Wherever an image appears in the data, omit it and copy all the remaining text word for word.

Information supplied:
- Opening Delimiter -
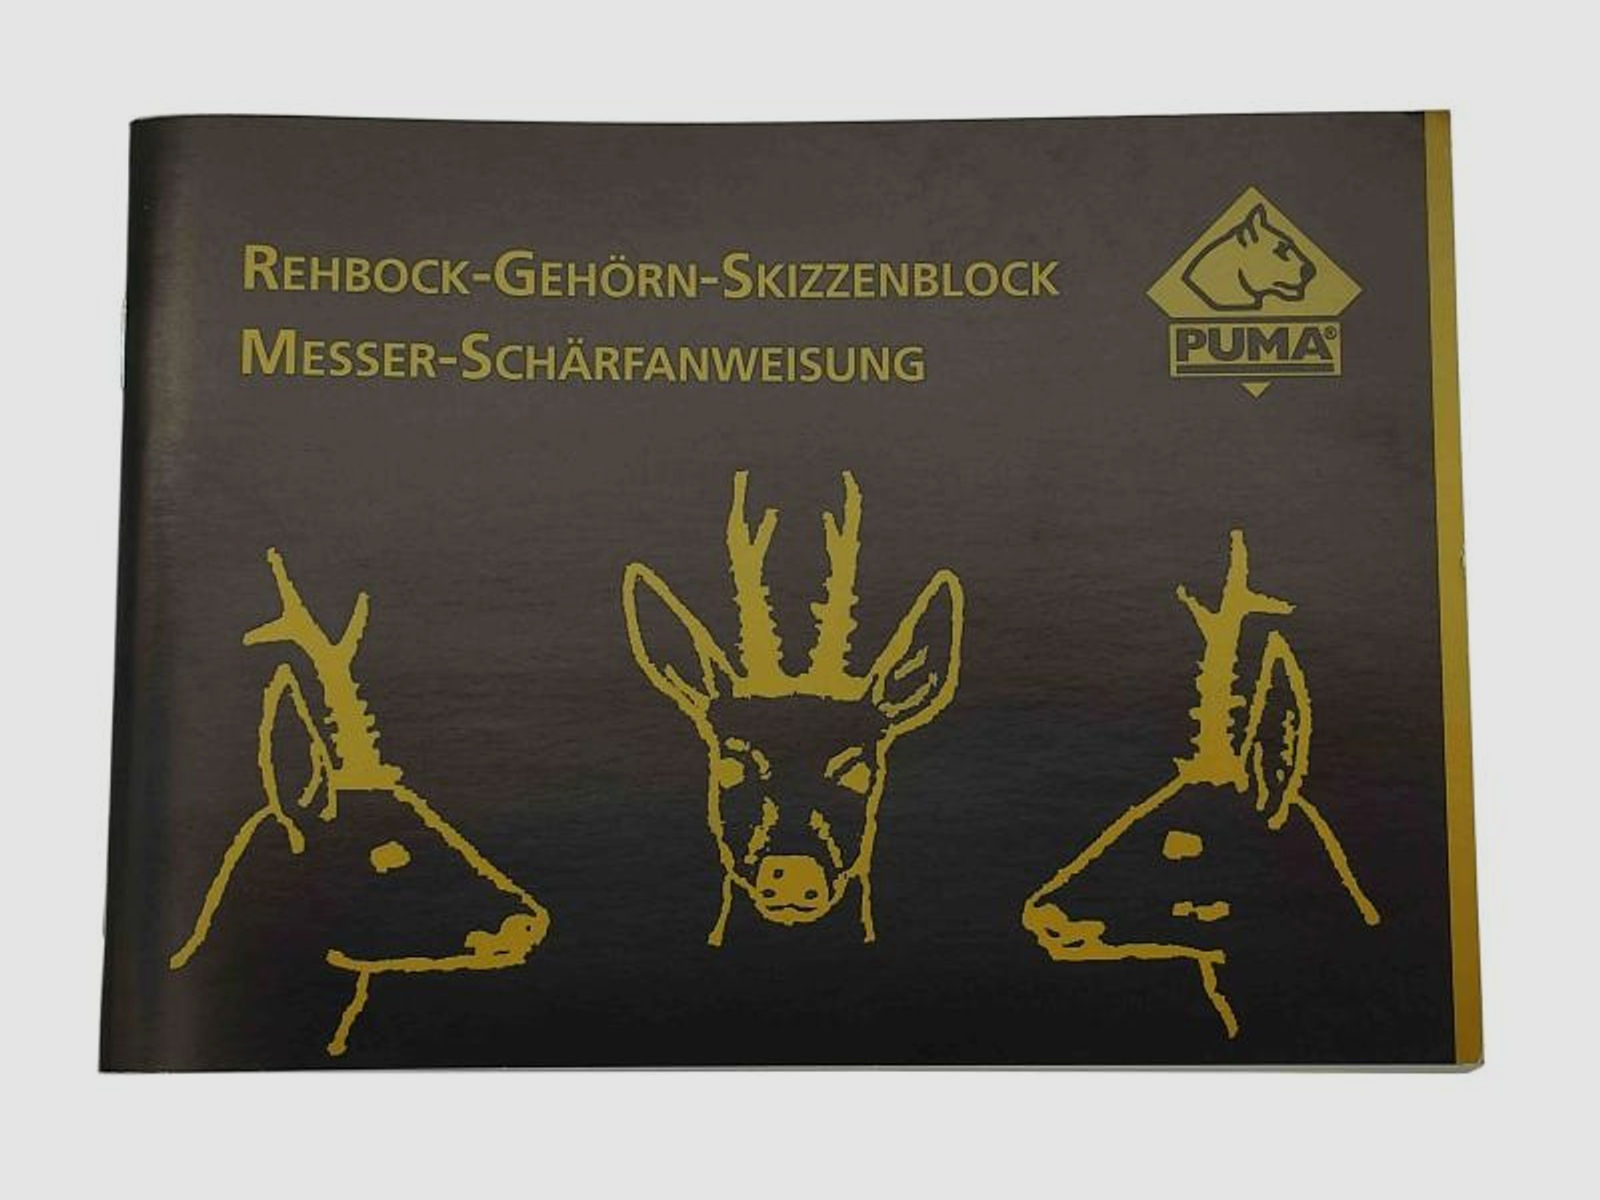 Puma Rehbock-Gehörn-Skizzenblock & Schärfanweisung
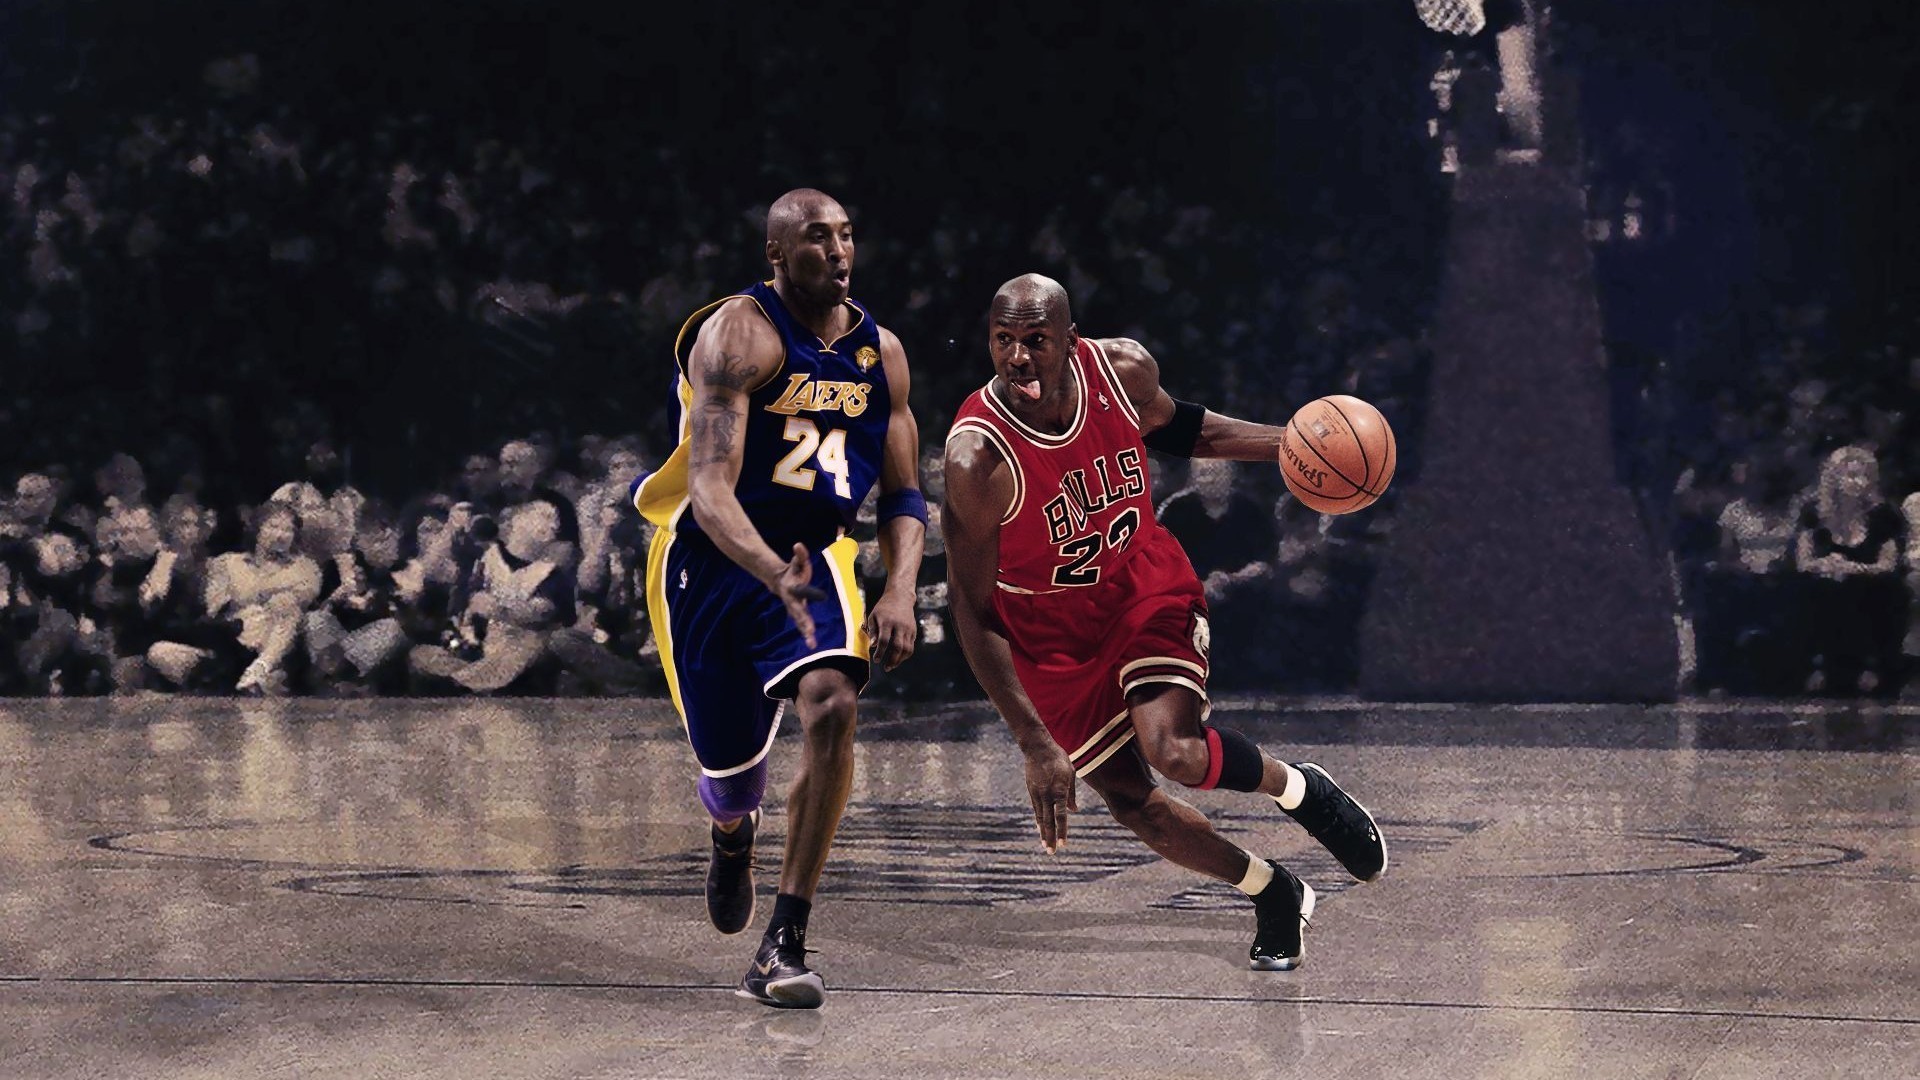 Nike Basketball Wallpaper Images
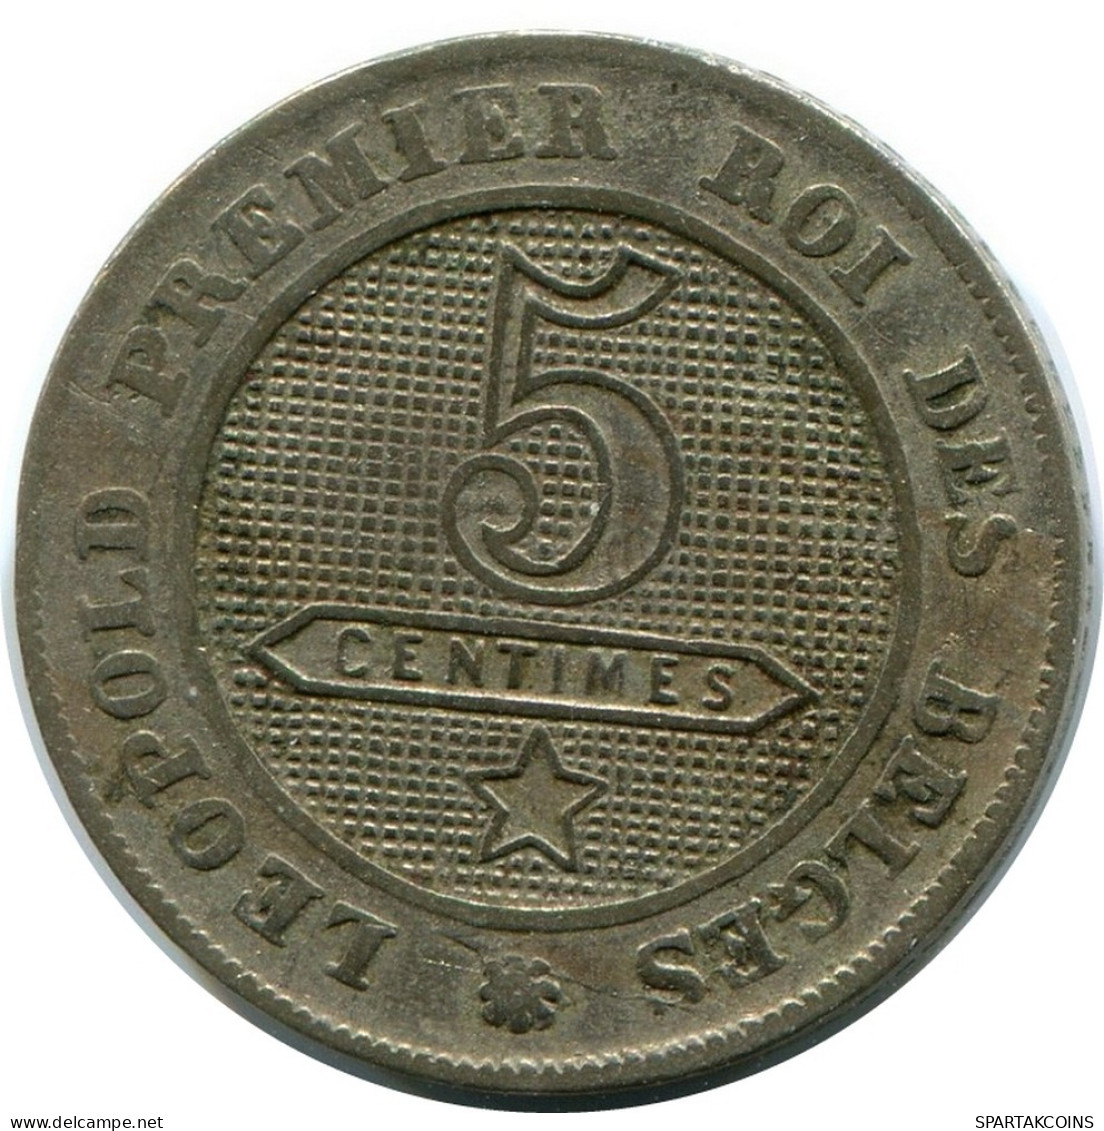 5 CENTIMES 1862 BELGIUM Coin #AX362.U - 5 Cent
- Closing Delimiter -
Written solution:
 Puma Rehbock-Gehörn-Skizzenblock & Schärfanweisung
 Nike Basketball Wallpaper Images
 5 CENTIMES 1862 BELGIUM Coin #AX362.U - 5 Cent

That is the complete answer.